Of note, several men with muscle dysmorphia reported anabolic-androgenic steroid use to increase muscle mass. This finding may be an underestimate, given that anabolic-androgenic steroid use is often denied (Pope, Kanayama, Ionescu-Pioggia, & Hudson, 2004). Given the medical and psychiatric risks associated with anabolic-androgenic steroid use (Brower, 2002; Pope et al., 2000), this behavior represents a serious clinical concern. The men with muscle dysmorphia also had a remarkably high rate of substance use disorders more generally—a finding that recalls another recent study showing that anabolic-androgenic steroid users exhibited remarkably high rates of other substance abuse and dependence (Kanayama, Pope, Cohane, & Hudson, 2003).

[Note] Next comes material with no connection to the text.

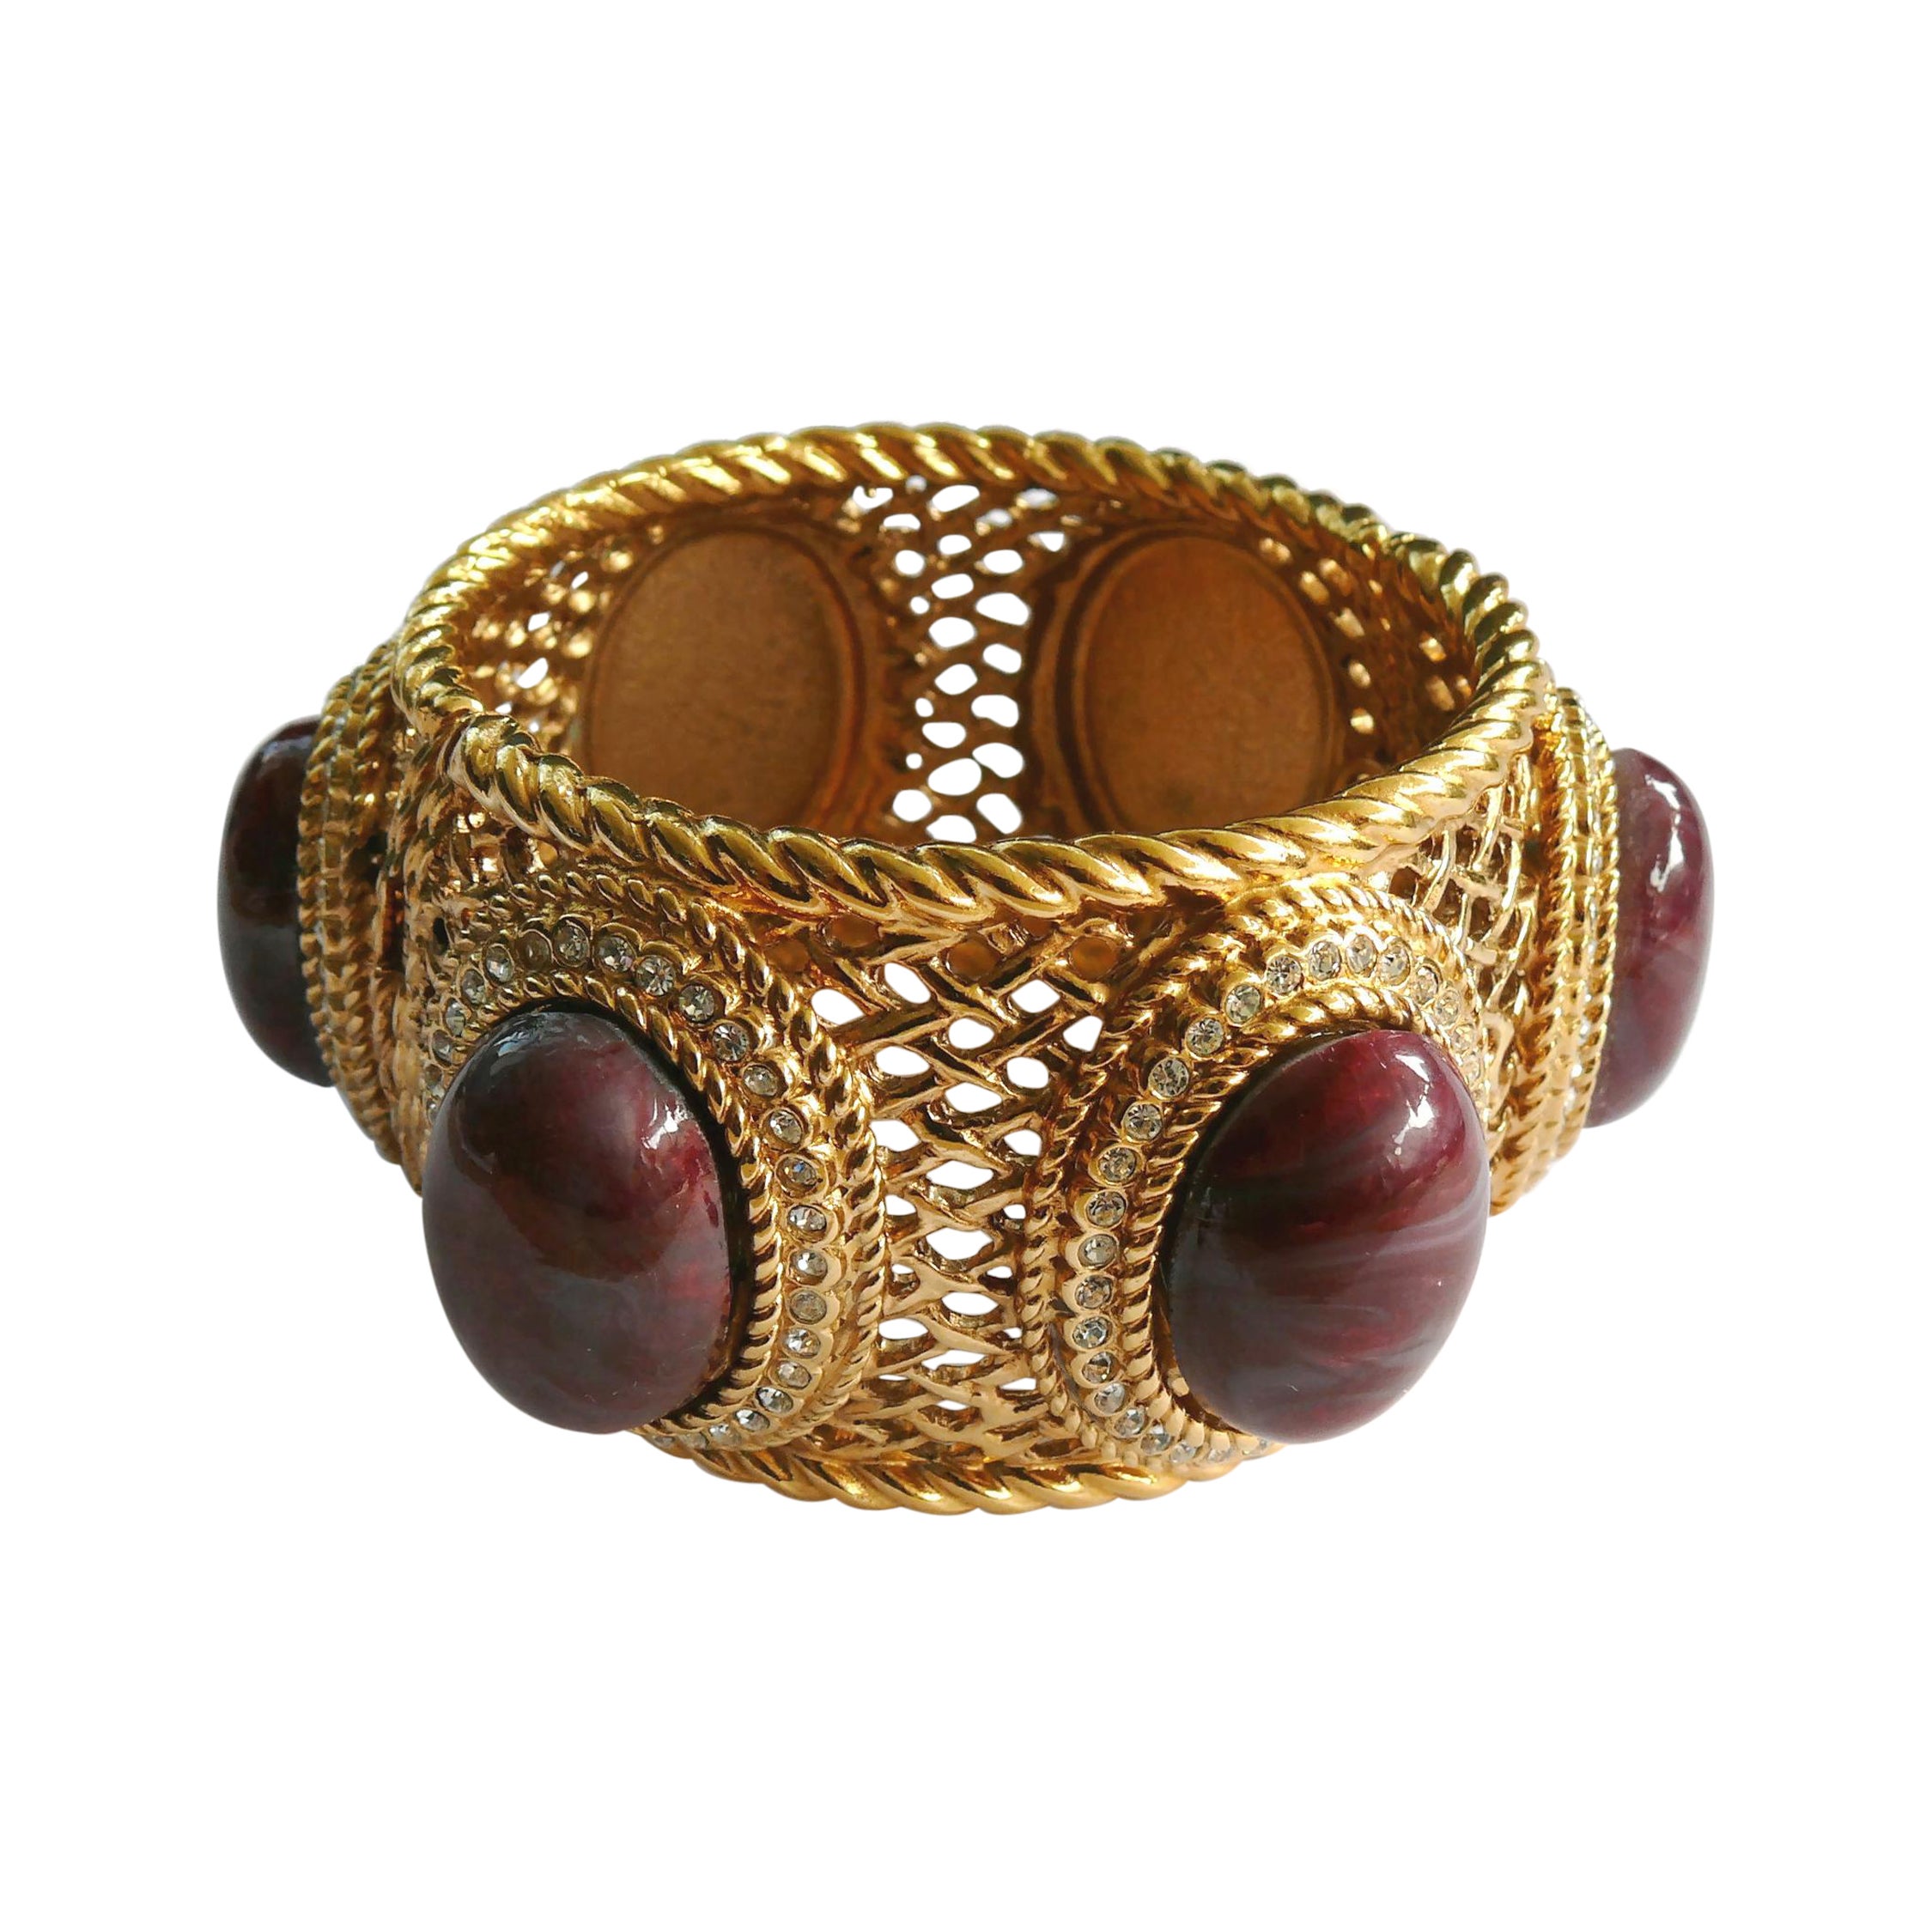 Christian Dior Boutique Massive Jewelled Gold Toned Latticework Cuff Bracelet

One study limitation is the small sample size, which limited statistical power. Also, the sample was one of convenience, and participants may not have been entirely representative of those in the community or the subgroup that consults clinicians. In addition, information in some records was insufficient for raters to diagnose muscle dysmorphia with certainty; however, there was a high rate of agreement between the two independent blinded raters, and two separate analyses, using the diagnoses of the two raters, produced very similar results. Furthermore, we did not compare a group of men with “pure” muscle dysmorphia (i.e., men with muscle dysmorphia but not other forms of BDD) to men with BDD but not muscle dysmorphia. (We found that several participants in our study had “pure” muscle dysmorphia, and this was the case for 10 of 15 participants in the study by Hitzeroth et al. (2001).) Such studies are needed to shed additional light on similarities and differences between muscle dysmorphia and more classic BDD symptoms, including whether muscle dysmorphia may be a more severe variant of BDD.
These findings have several clinical implications. First, when evaluating men presenting with any type of BDD, clinicians should inquire about muscle dysmorphia, since men with other body-part preoccupations may also have muscle dysmorphia, which appears to be associated with greater psychopathology. Second, if our findings are valid, and muscle dysmorphia not infrequently co-occurs with other manifestations of BDD, then it might be expected to respond to treatment similarly to classic BDD (i.e., serotonin uptake inhibitors [Phillips, 2002] or cognitive-behavioral therapy [Rosen, Reiter, & Orosan, 1995]). However, the treatment of muscle dysmorphia symptoms needs to be studied, as do many other aspects of this recently recognized and understudied condition.
This study was supported by grants from the National Institute of Mental Health (R01 MH60241 and K24 MH63975) to Dr. Phillips.